First, let's define some sample polymer distributions.
a = Poisson(10, name="A")
b = Flory(50, name="B")
c = LogNormal(1000, 2, name="C")
d = SchulzZimm(10**4, 2, name="D")
Now, we define the blend using common algebra language. The (positive) numerical factors are the mass parts used to prepare the blend.
blend = 0.5*a + 1*b + 0.5*c + 0.2*d
As illustrated above, we can the object directly or use the print() command to display the key values of the distribution and of its components.
blend
type: MixtureDistribution name: A+B+C+D DPn: 31.2 DPw: 2320.2 DPz: 24295.4 PDI: 74.37 M0: 0.100 kg/mol Mn: 3.120 kg/mol Mw: 232.020 kg/mol Mz: 2,429.542 kg/mol # Weight Distribution DPn DPw PDI ------------------------------------------------------- 1 0.500 Poisson 1.00e+01 1.09e+01 1.09 2 1.000 Flory 5.00e+01 9.90e+01 1.98 3 0.500 LogNormal 1.00e+03 2.00e+03 2.00 4 0.200 SchulzZimm 1.00e+04 2.00e+04 2.00
print(blend.components_table)
# Weight Distribution DPn DPw PDI ------------------------------------------------------- 1 0.500 Poisson 1.00e+01 1.09e+01 1.09 2 1.000 Flory 5.00e+01 9.90e+01 1.98 3 0.500 LogNormal 1.00e+03 2.00e+03 2.00 4 0.200 SchulzZimm 1.00e+04 2.00e+04 2.00
And the built-in plot() method is also available for mixtures.
blend.plot('gpc', cdf=2)
Data distributions¶
from polykin.distributions import DataDistribution
Data distributions are constructed from numerical values of the distribution curve. A typical example, would be a molar mass distribution curve determined by size-exclusion chromatography (SEC). Since we do not have experimental data at hand, we'll use sample data provided with the package.

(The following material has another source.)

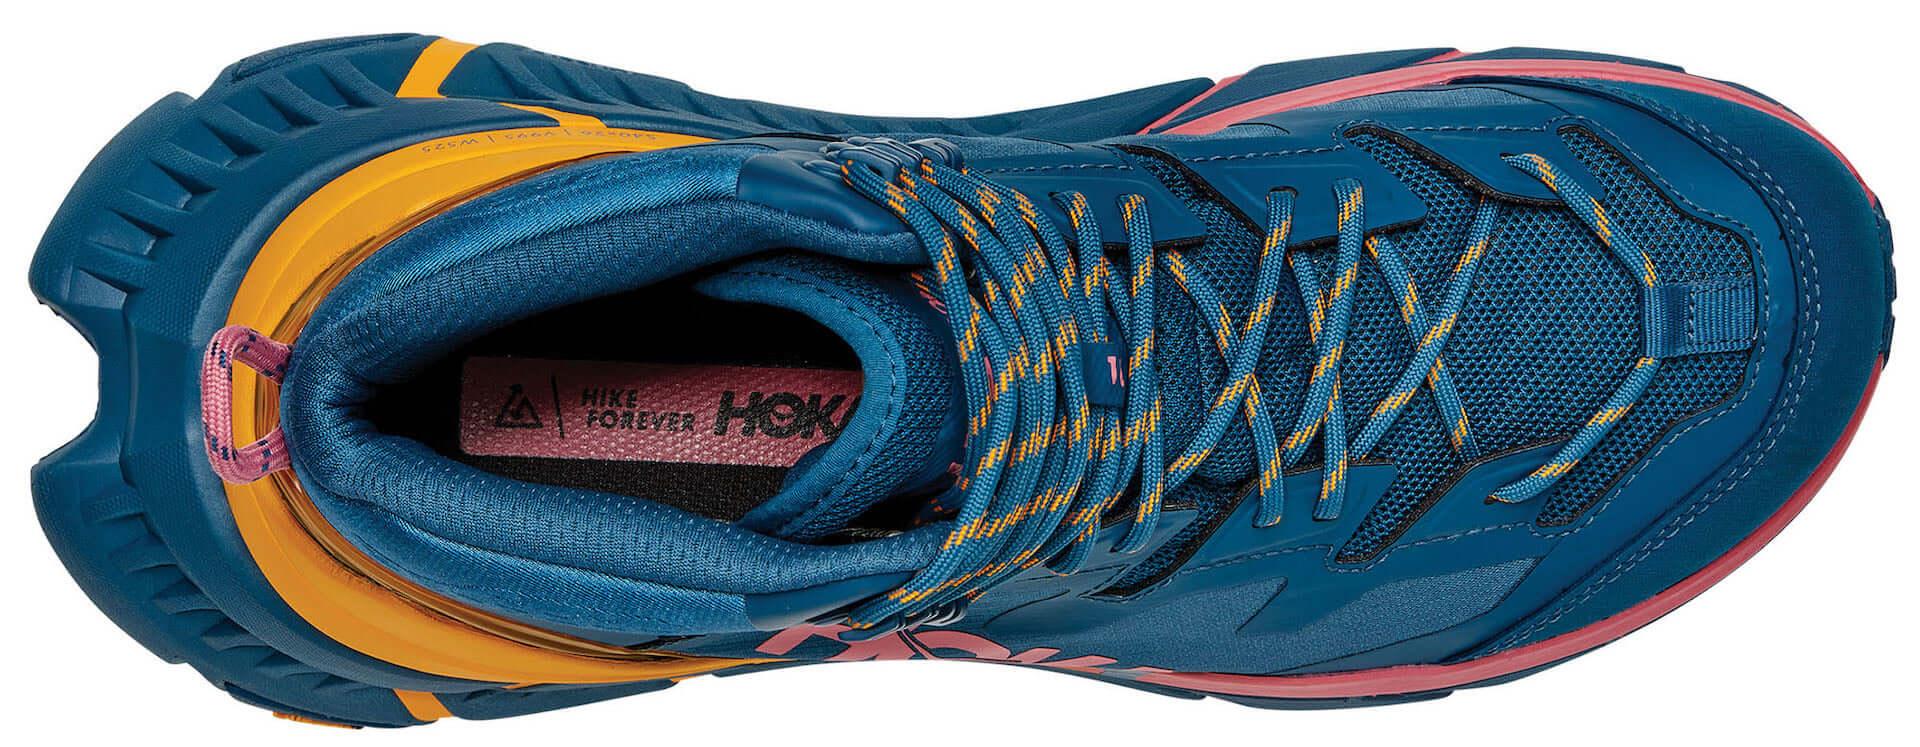 HOKA ONE ONEが防水ハイキングブーツ『TenNine Hike GTX』を発表!リサイクル繊維素材を使用&「GORE-TEX」も搭載 lf201029_hokaoneone_2-1920x747

from polykin.distributions import sample_mmd
sampleX = DataDistribution(sample_mmd['size_data'], sample_mmd['pdf_data'],
kind=sample_mmd['kind'], name='sample-X')
sampleX.plot('gpc')
Most of the methods illustrated above for analytical and mixture distributions are also available for DataDistribution(s).
A data distribution can be numerically "deconvoluted" to find the combination of weights and individual distributions which best describe it using the method fit(). For example, let's try deconvoluting the above distribution as a combination of 4 distributions of type LogNormal.
sampleX_fit = sampleX.fit(LogNormal, 4)
# Weight Distribution DPn DPw PDI ------------------------------------------------------- 1 0.493 LogNormal 1.06e+02 5.26e+02 4.98 2 0.246 LogNormal 1.06e+03 1.49e+03 1.40 3 0.201 LogNormal 5.46e+03 7.67e+03 1.40 4 0.060 LogNormal 9.82e+04 1.71e+05 1.75
_ = plotdists([sampleX, sampleX_fit], 'gpc')
The fit is quite good, but it can be made even better. Go ahead, give it a try!